Bild: Demo auf Abstand am Hamburger Hauptbahnhof: Die Polizei löste sie trotzd…
Herr Waechter, auf welcher Grundlage kann der Hamburger Senat das
[1][Demonstrationsrecht] einschränken?
[2][Kay Waechter]: An sich unterliegen Versammlungen nur dem
Versammlungsgesetz. Das gilt aber nur für versammlungsbezogene Eingriffe.
Eingriffe, die andere Ziele verfolgen – wie Infektionsschutz – sind nach
den einschlägigen Gesetzen zu beurteilen. Also darf das
Infektionsschutzgesetz angewandt werden. Grundsätzlich sind daher auch
Demonstrationen nach dem Infektionsschutzrecht beschränkbar. Das wird
indirekt bestätigt durch Artikel 11 des Grundgesetzes, nach dem die
Freizügigkeit bei Seuchengefahr aufgehoben werden kann.

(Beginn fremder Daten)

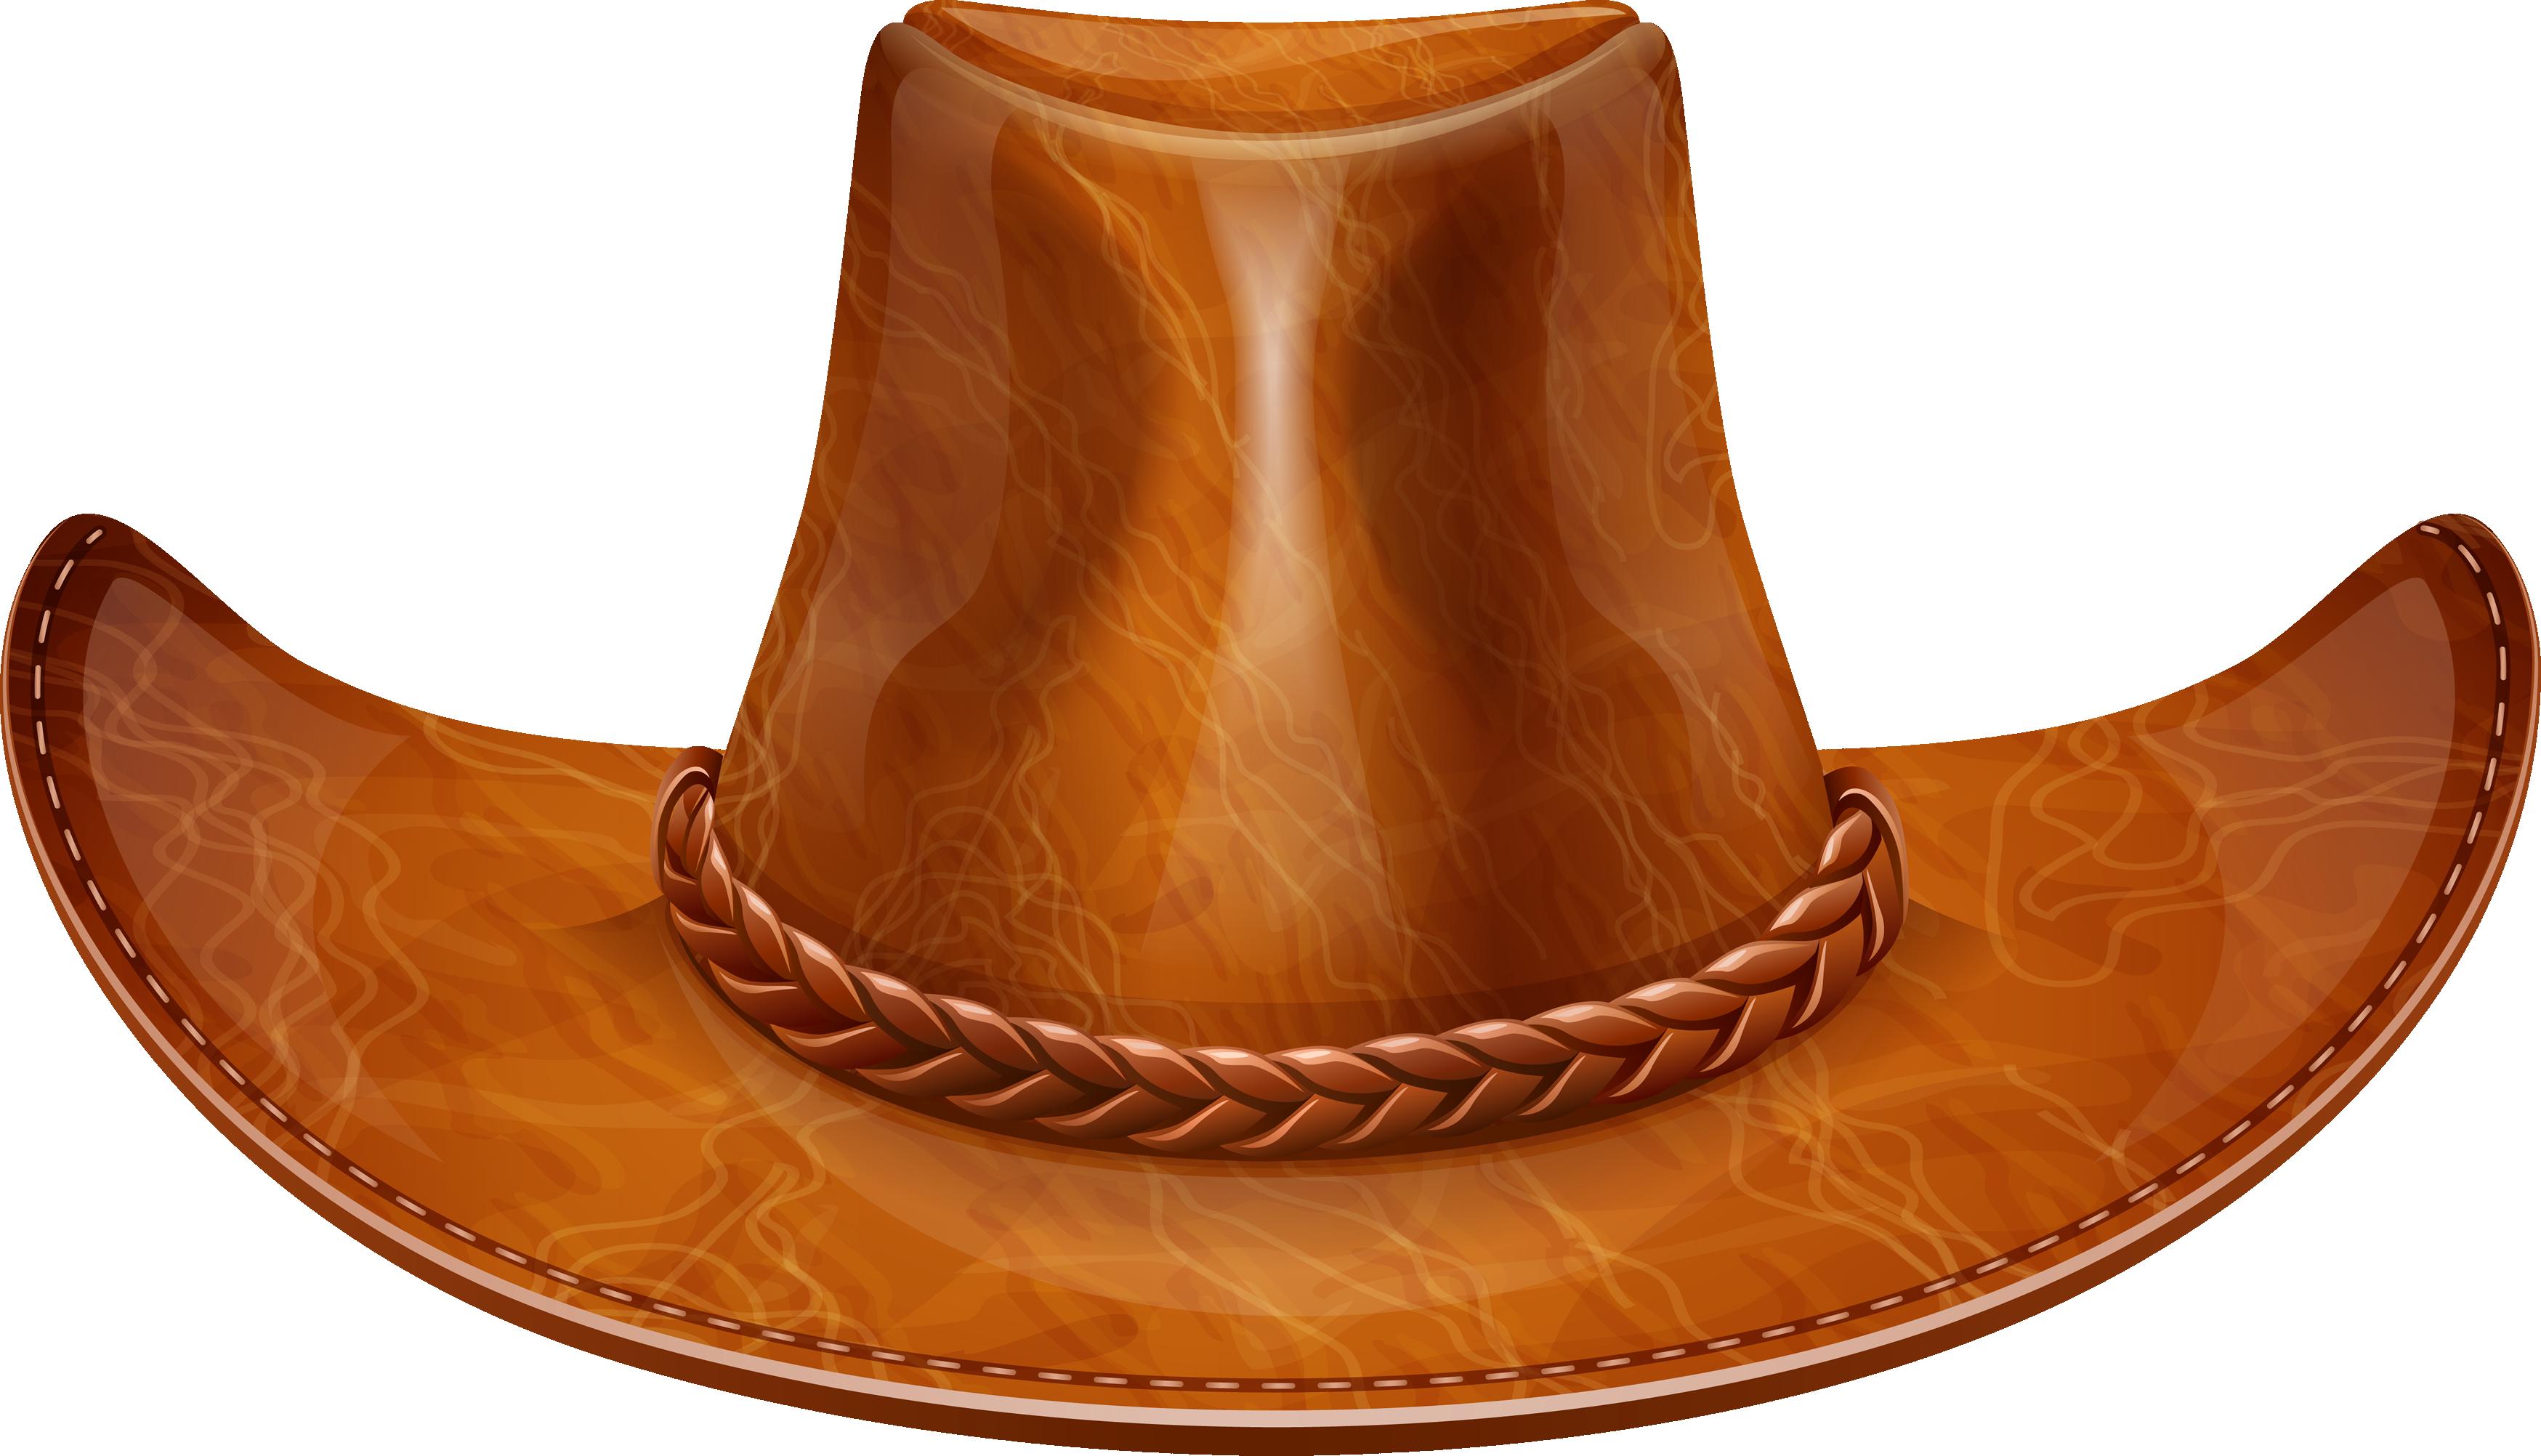 3497x2004 Hat Png Image

Reicht dafür ein Verwaltungsakt?
Da Artikel 8 des Grundgesetzes auch Eingriffe aufgrund eines Gesetzes
erlaubt, muss der Eingriff nicht direkt durch Gesetz oder Rechtsverordnung
erfolgen, auch eine Allgemeinverfügung auf gesetzlicher Grundlage des
Infektionsschutzgesetzes oder einer Verordnung dazu kommt in Betracht.

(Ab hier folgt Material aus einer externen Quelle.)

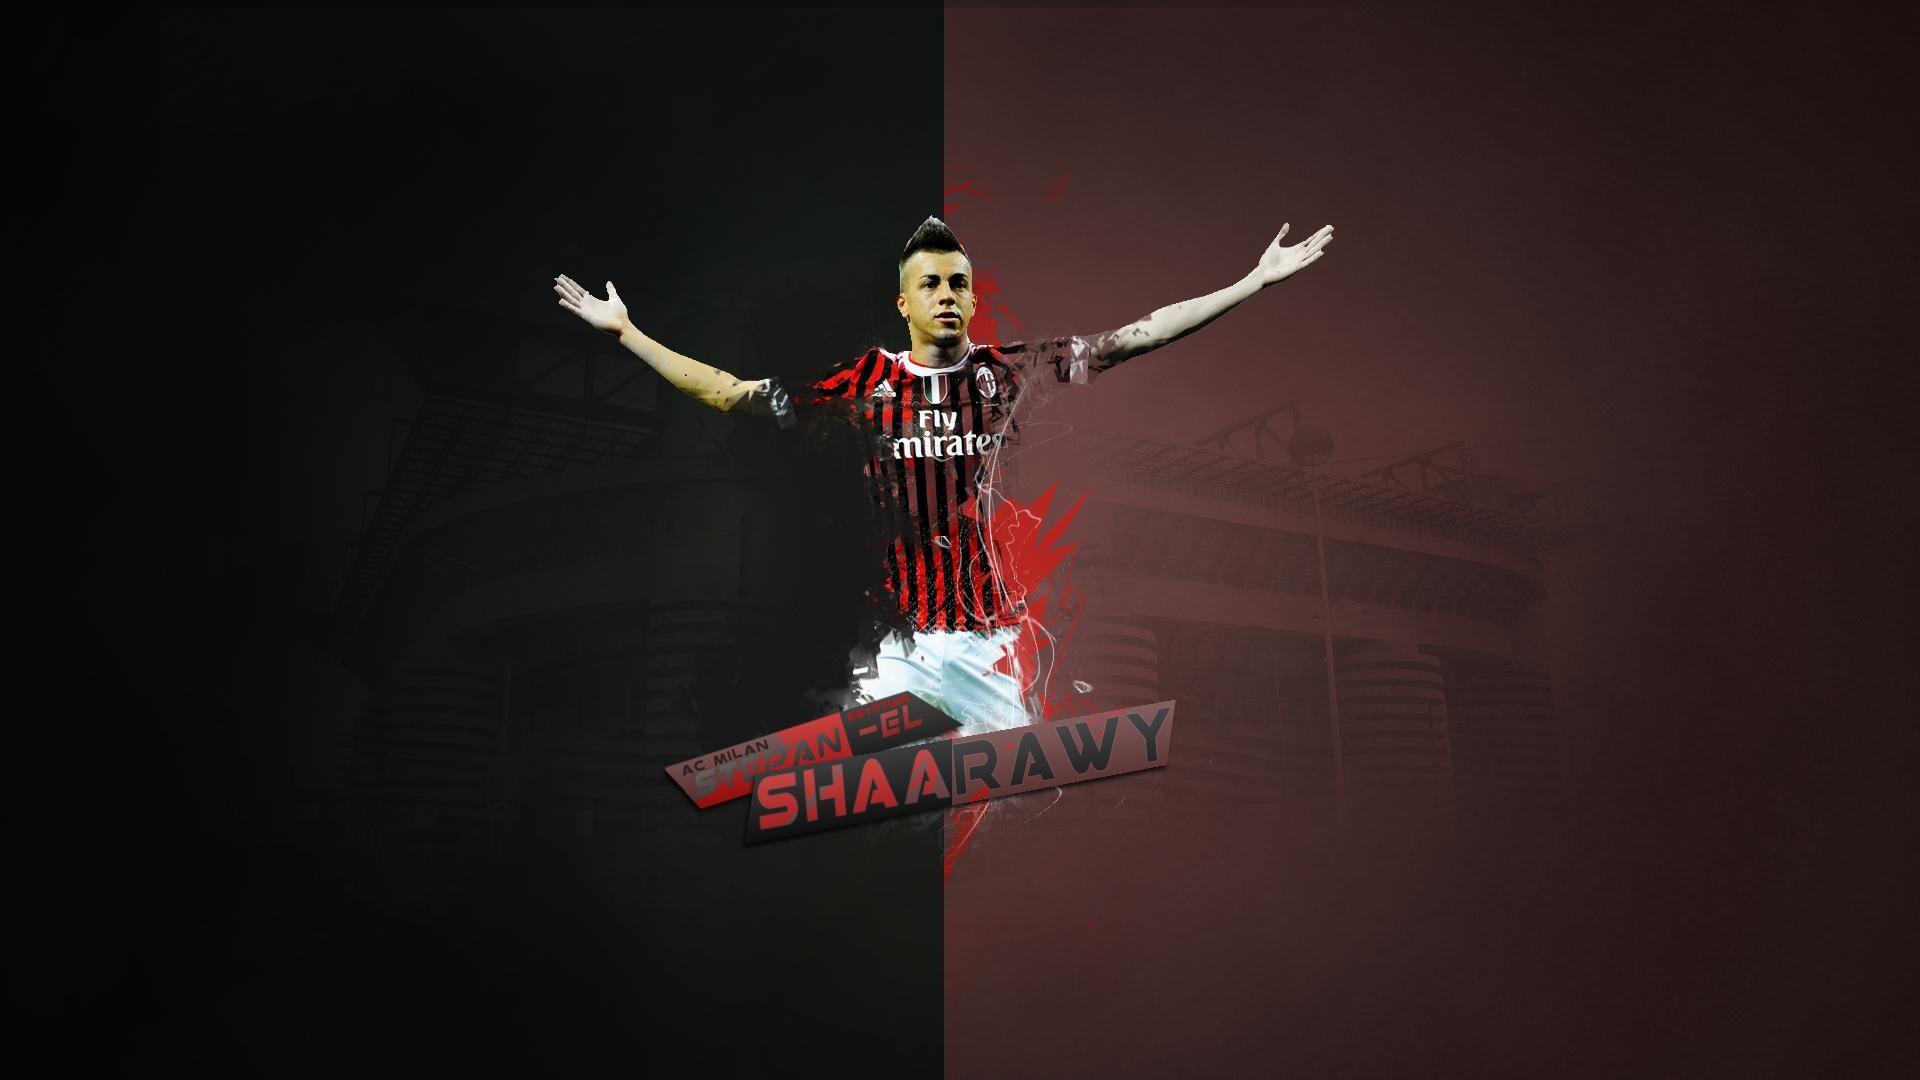 wallpaper.wiki-Ac-Milan-Stephan-El-Shaarawy-Football-
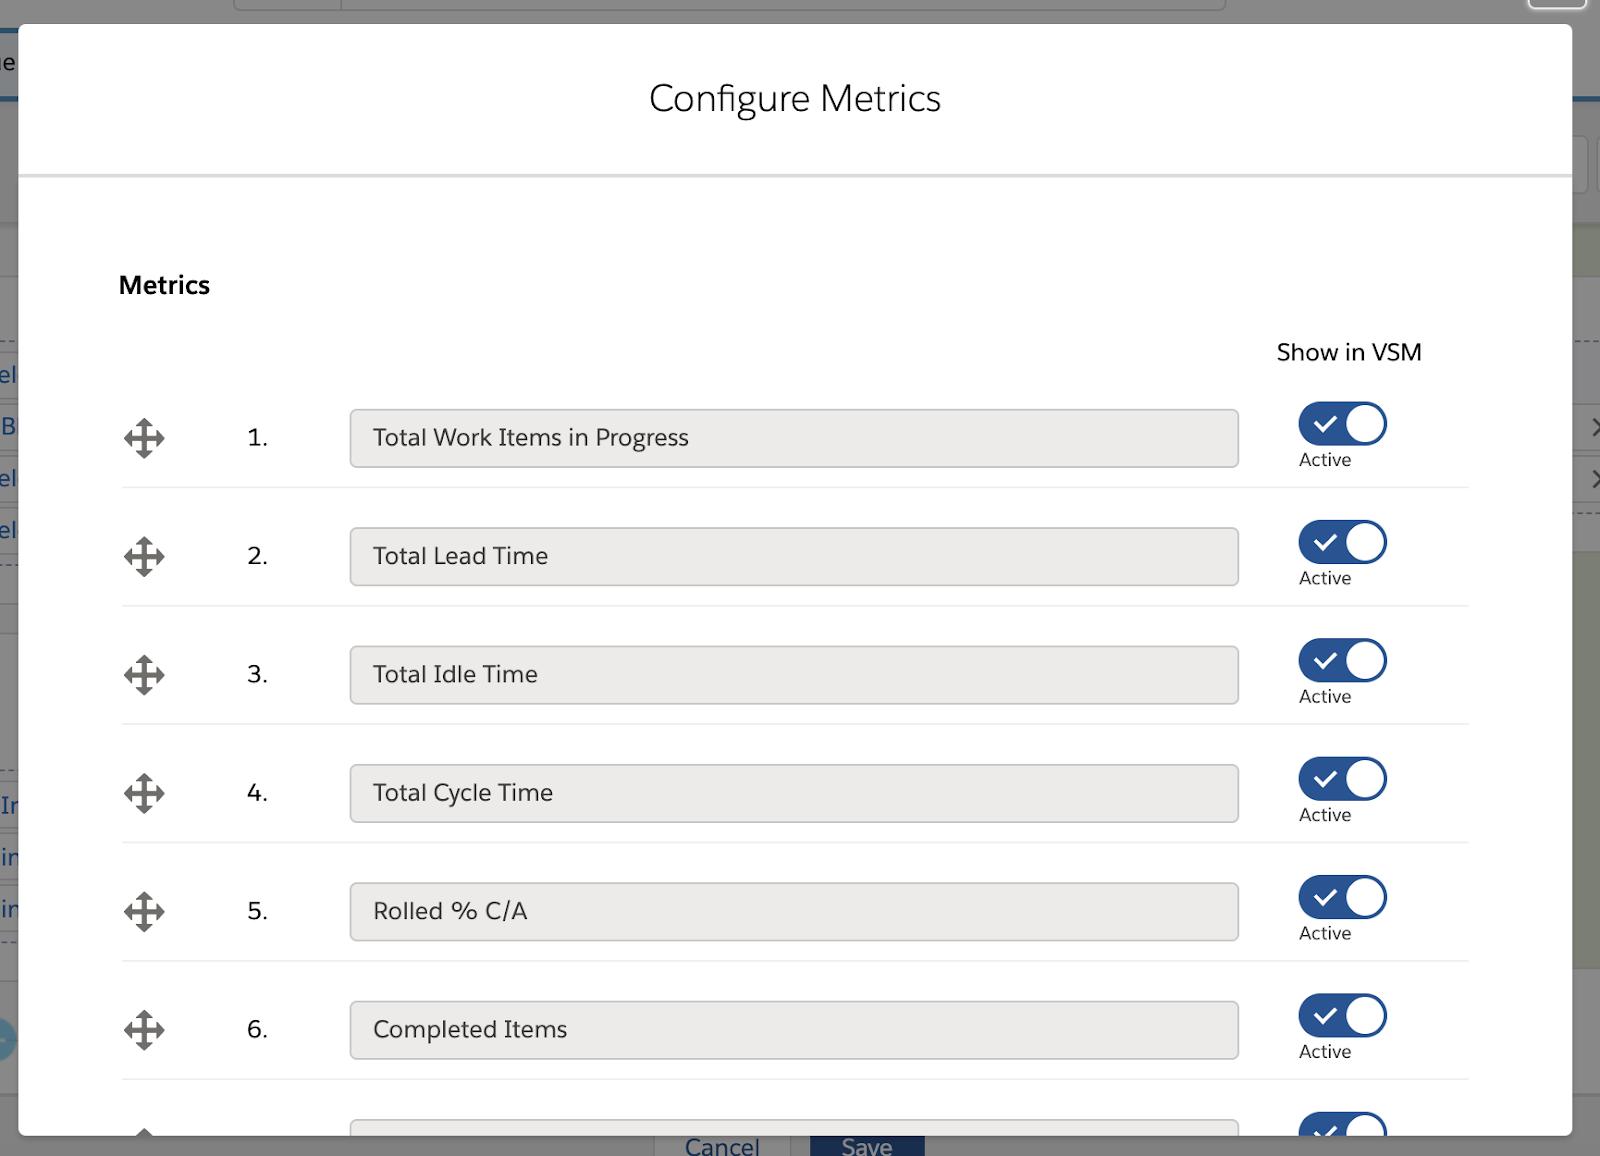 Configure Metrics page

Reicht der Rechtsweg gegen Allgemeinverfügungen oder ist das politisch
naiv?
Einschränkungen sind zulässig, aber es kann nicht sein, dass etwa bei einem
Missbrauch des Infektionsschutzrechts Demonstrationen nicht mehr möglich
sind. Infolgedessen ist die Verhältnismäßigkeit entscheidend. Damit kommt
es auf den Einzelfall und seine Umstände an.

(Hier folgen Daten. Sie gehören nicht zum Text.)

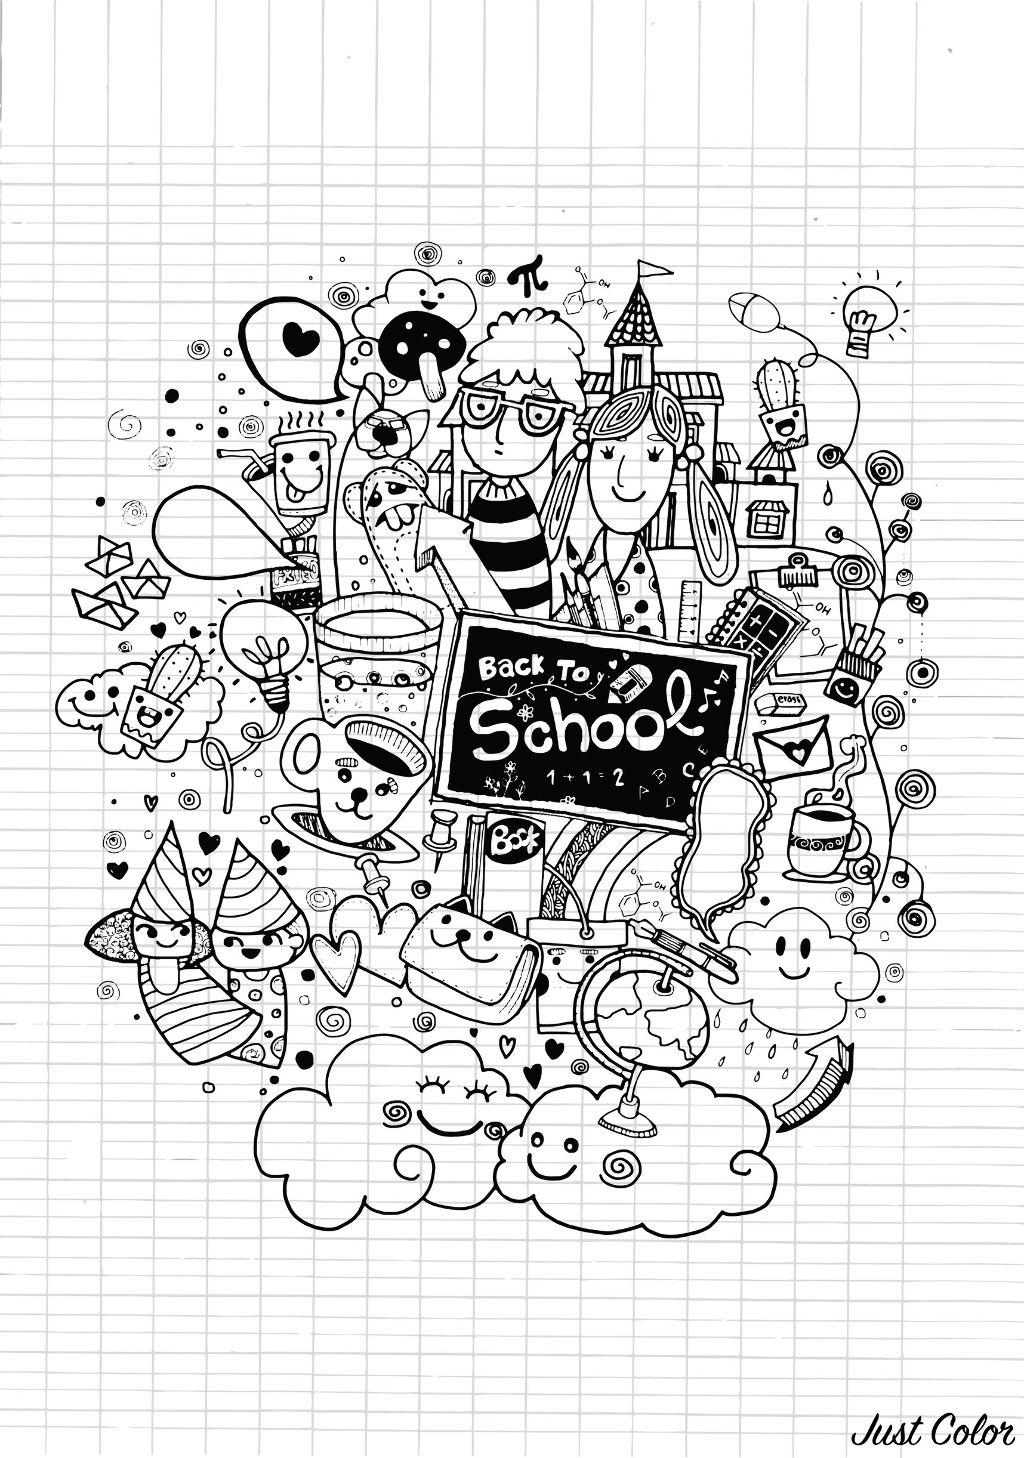 Disegni da colorare per adulti : Doodle art / Doodling - 24

Was wäre denn verhältnismäßig?
Ich sehe nicht, warum man eine Demonstration nicht unter Auflagen
akzeptieren kann, wenn zu erwarten ist, dass diese Auflagen eingehalten
werden. Das gilt für eine Ein-Mann-Demo wie für eine stellvertretende Demo
von einem Dutzend Personen, die fünf Meter Abstand einhalten zu sich und
Anderen. Demonstrieren ist nicht unwichtiger als Einkaufen.
Gerichte haben in Eilentscheidungen das Recht auf Gesundheit und Leben
höher gewertet als das Demonstrationsrecht.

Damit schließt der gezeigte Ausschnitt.